You will need the BrailleR
package to be ready for use to follow along with the examples in this chapter. Do this by issuing the command library(BrailleR)
now.
7.1 General information
Each command described in this chapter and other similar commands draft a new R markdown file and then compile it to an HTML file that is easily read by a screen reader user. They make extensive use of the knitr
package (Xie 2022) to process R commands and retrieve the R output and graphs, and then the rmarkdown
package (Allaire et al. 2022) to process the markdown content of the raw input file into HTML (or other file types if we wanted them).
This HTML file is opened automatically if R is being used interactively, giving the blind user immediate access to the information. The content is automatically presented using sufficiently marked up HTML code including headings and tables so that the blind user can make best use of their screen reading software. All graphs are given an “alt tag” when they are included in the HTML file, and can be presented using a text description available from the VI()
functionality of the BrailleR
package.
In addition, the blind user may need one or more of the graphs in a variety of formats (png, pdf, eps, or svg), nicely formatted tables for insertion into documents (LaTeX or HTML), and access to the code that generated these graphs and tables (an R script).
This is handled using add-on packages wherever possible so that blind users are completing tasks using the same tools as their sighted peers. For example, nicely tabulated results can be saved as individual text files for later inclusion in LaTeX documents using the xtable
package (Dahl et al. 2019).
The commands shown in this chapter make use of R markdown, but they are not actually ready for direct use within other R markdown documents. If you wish to get the output you observe within the HTML documents that will be generated, you will need to extract the relevant parts of the R markdown script files that the commands create. That sounds harder than it is!
7.2 Replacing the Graphic User Interface (GUI)
One major criticism of R often heard from novice users is that a graphic user interface (GUI) is much easier to use than the command line mode of operation. Blind users are no different in this respect, but as has been reported previously (Godfrey 2013b), none of the GUI-based front ends for R are accessible to the blind user. When considering the benefits of using a GUI mode of operation, we turn to the justification used for the creation of some of these interfaces; redacting all references to the GUI helps emphasize the reasons for their existence:
- R Commander aims “to support … the statistical functionality required for a basic-statistics course; to make it relatively difficult to do unreasonable things;
and to render visible the relationship between choices made …
and the R commands that they generate.” (Fox 2005). - “Because R analyses must be called as text commands, the user is required to find out the name of the function that will accomplish their task, and then remember that name along with the names of the variables to feed it, and its argument options. Perhaps more fundamentally, many users have never dealt with a program that requires them to type in commands that manipulate objects in the program. For beginners, Deducer is designed to be an intuitive dialog based interface to common data manipulation and analysis tasks.” (Fellows 2012)

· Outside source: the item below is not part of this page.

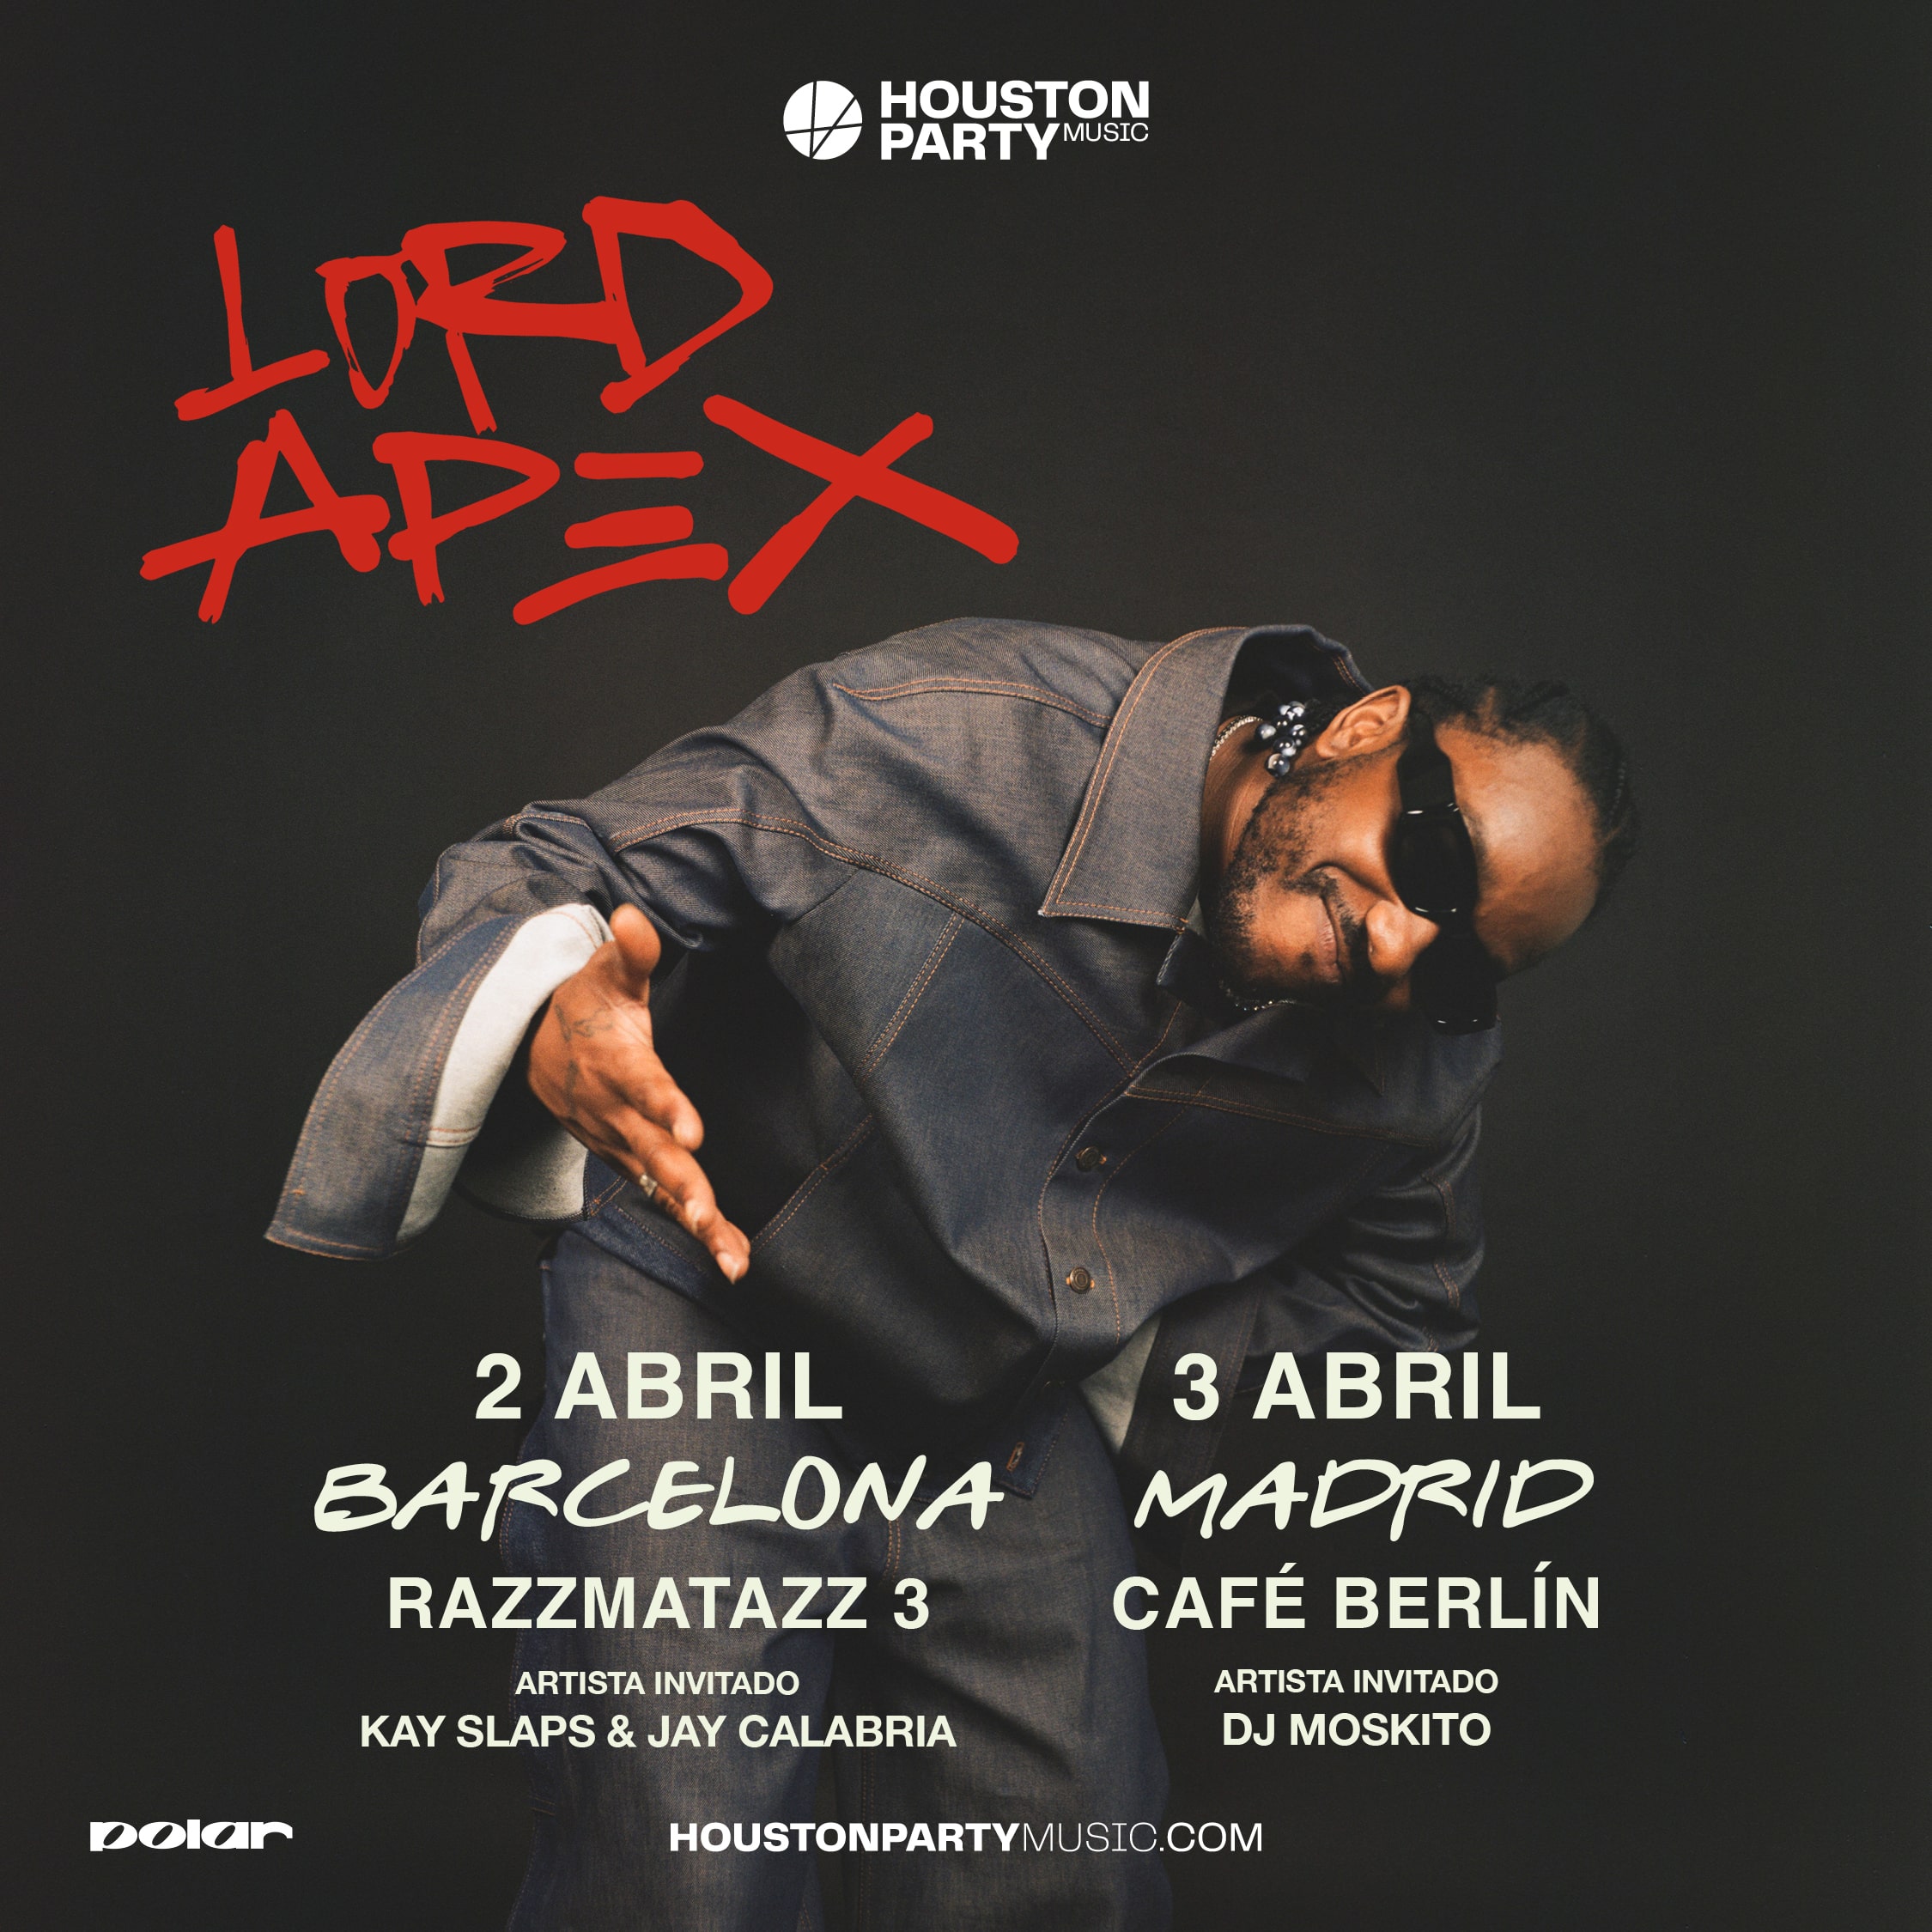 Lord Apex en Barcelona y Madrid

- “The scope of RKWard is deliberately broad, targeting both R novices and experts. For the first group, the aim is to allow any person with knowledge on statistical procedures to start using RKWard for their everyday work without having to learn anything about the R programming language, at least initially. At the same time, RKWard tries to support users who want to learn and exploit the full flexibility of the R language for automating or customizing an analysis.” (Rödiger et al. 2012)
- RKWard “avoids wrapping complex sequences of data manipulation or analysis into custom highlevel R functions. The task of providing high-level functions is logically independent of the development of the GUI frontend, and should best be addressed in dedicated R packages, where necessary.” (Rödiger et al. 2012)
Making any of these GUI tools accessible is difficult because they were not developed using interface development toolkits that automatically build accessibility into the interface. Creation of a GUI such as R Commander is not a small undertaking. Retrospectively building in the necessary accessibility features would be a massive undertaking that the blind community could not reasonably expect of a very small development team. Duplicating the work done to create such a GUI tool from scratch using a development toolkit that helps build in the necessary elements for accessibility and then maintaining it as operating systems develop over time is not a practical solution either. It may be possible to improve the toolkits that are used to create the GUI options like R Commander or Deducer so that their development is not hindered while their accessibility becomes automatic; unfortunately, this requires knowledge well beyond my skill set.
If blind users cannot make use of any of the GUI tools and we don’t have the necessary skills to develop such a tool that does work for ourselves, what solutions exist for us? When I’ve discussed the merits of various statistical software with other blind users, they have questioned the use of R by saying something like, “When I use software x, I can do y and z. How do I do that in R?” With respect to SAS for example, a user can build up a set of templates for various commonly used analyses for themselves. The same is true as an R user, but SAS users can get the templates by using the menus in the standard GUI, and they can keep the procedures in files for later use. SPSS users can do this as well. (These seem to be the most commonly used software options for blind users who communicate with me.) In either case, the code can be reused after issuing a few find/replace searches. It seems that even though it is more efficient to make use of this ability to re-use code templates, that many of the blind users of these software options prefer to use key presses to simulate mouse clicks in order to use the menus and dialogue boxes. When questioning them on their motives, we quickly come to the point that the use of menus and dialogue boxes offers a degree of comfort that tasks have been done correctly. The next crucial aspect worth mentioning is that the GUI provides the user with more output than can be obtained from typing out numerous commands in R. Searching for the right functions and then ensuring the syntax of their arguments is correct limits a blind user’s ability in any command-line software, just as it does for sighted users.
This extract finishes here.